Problem 6: Centrelink expect you to pay off the debt while you are disputing whether it is even valid. The errors that they make can lead to incorrectly calculated debts of tens of thousands of dollars in some cases. Even if they determine the debt was invalid, you may have to pay hundreds of dollars in fees while they make a decision.

It’s unfair to expect people to start repaying a debt, or to pay to dispute a debt when there is a large amount of evidence that many debts will be incorrectly calculated or completely invalid. On top of this, presumed debtors may even be prevented from leaving the country based on the results of this system.

Problem 7: Centrelink’s approach to debt recovery, and the approach of the private companies they contract for it, are not respecting established practices and guidelines for for debt recovery.

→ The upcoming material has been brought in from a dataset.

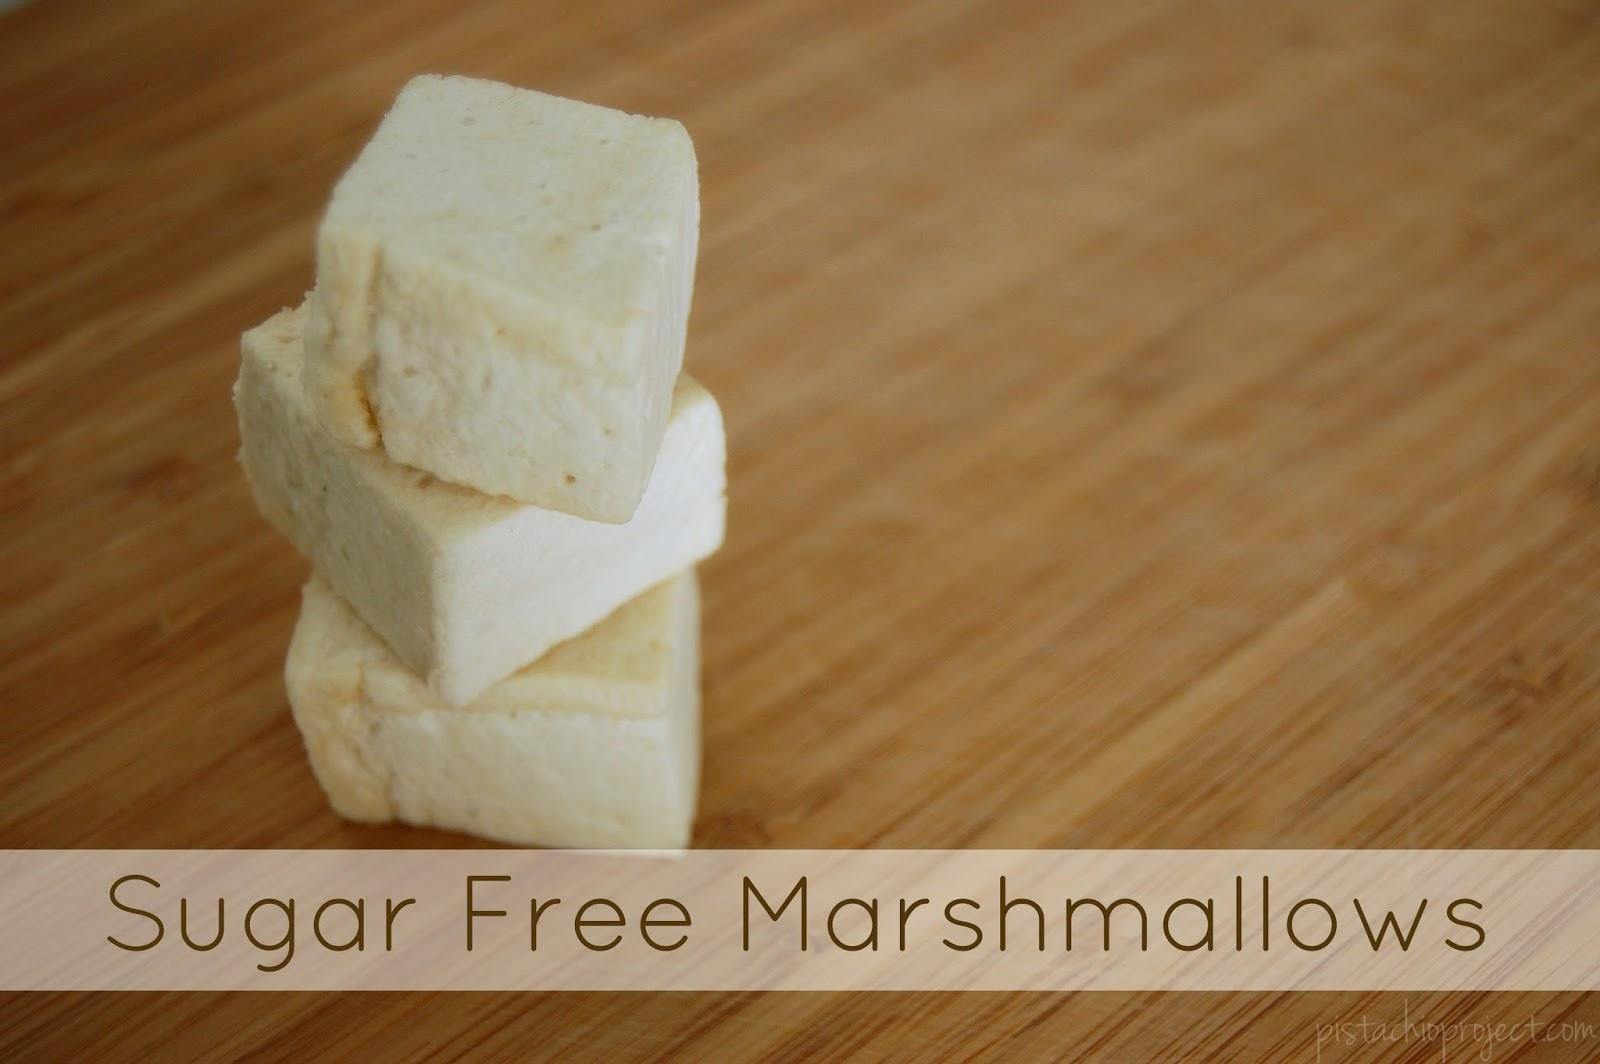 Homemade Sugar Free Marshmallows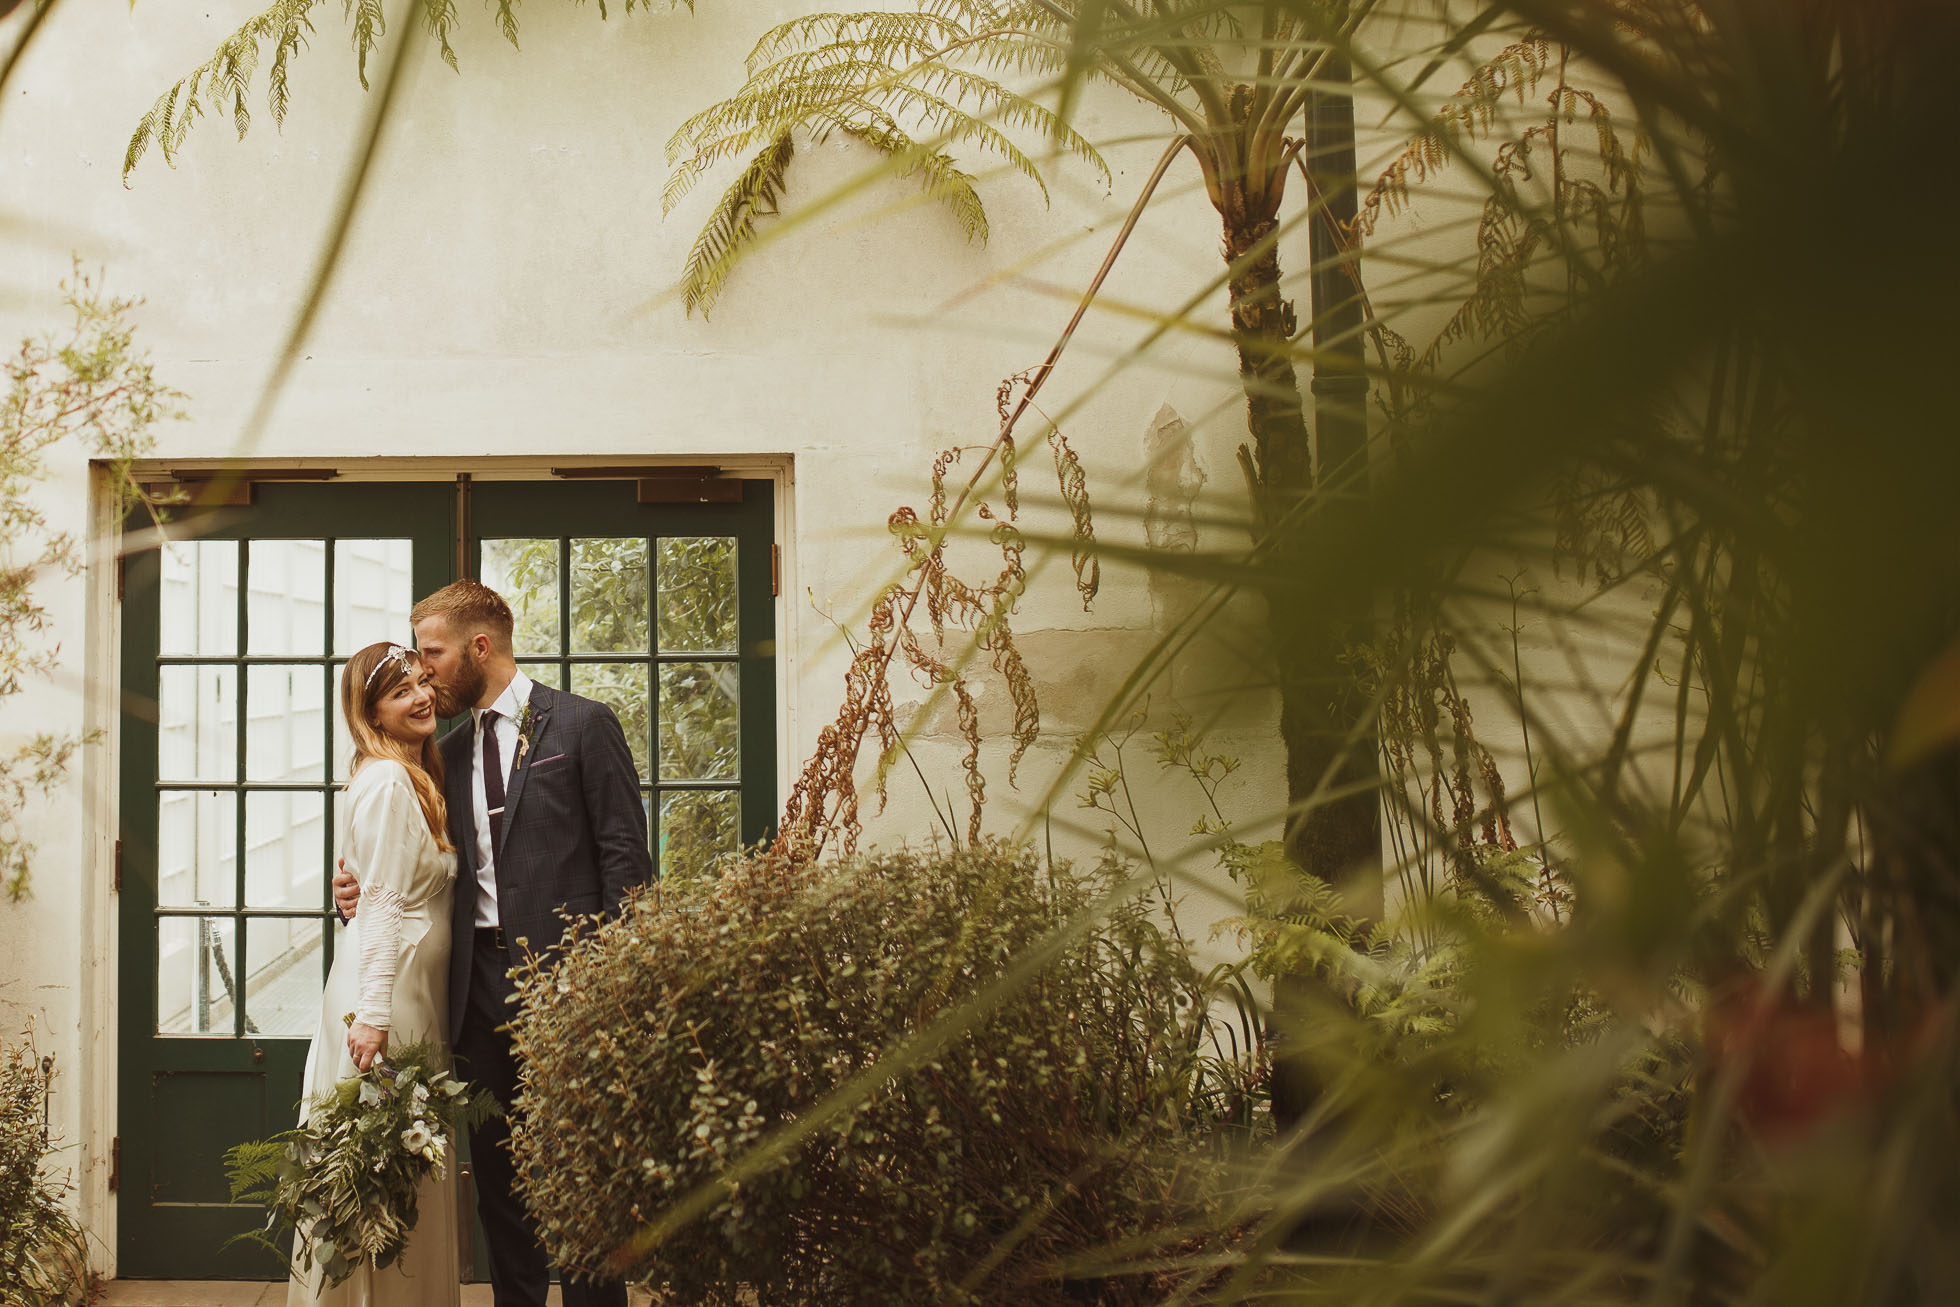 sheffield-botanical-gardens-wedding-photographer-41.jpg

These guidelines cover hours of contact, providing documentation to prove the debt, and suspending collection activities if liability is disputed. The ACCC also outline the rights that alleged debtors have, including requesting proof of the debt, and possible defence against old debts (usually more than six years).

I don’t know whether these guidelines are legally enforceable against debt collection by a government agency. But even if they aren’t, they exist because of the need to protect people from various tactics by debt collection agencies and the lack of rigour by organisations that use them. Centrelink and any debt collectors they engage should still be respecting them.

The organisation Australian Lawyers for Human Rights have also flagged possible legal problems and human rights violations with Centrelink’s approach to debt calculation and recovery.


Not all sources are linked directly, because some of the information is inferred from multiple reports or because multiple sources cover the same issue.


I made changes to this article after it was linked from high profile sources. The only major changes are:

  • I initially stated that the problems stemmed from Centrelink using a new data matching algorithm in 2016. This was wrong, they've been using it for a few years. The big difference in 2016 was that they increased the rate at which it creates notices while reducing oversight of these notices.

  • I recently added the parts about debt recovery practices.

Note: I’m releasing this under a slightly different license to the rest of this site: Creative Commons Attribution 2.5 (Australia) License. ie. deriviative works and commercial use is allowed, with attribution and indication of changes made.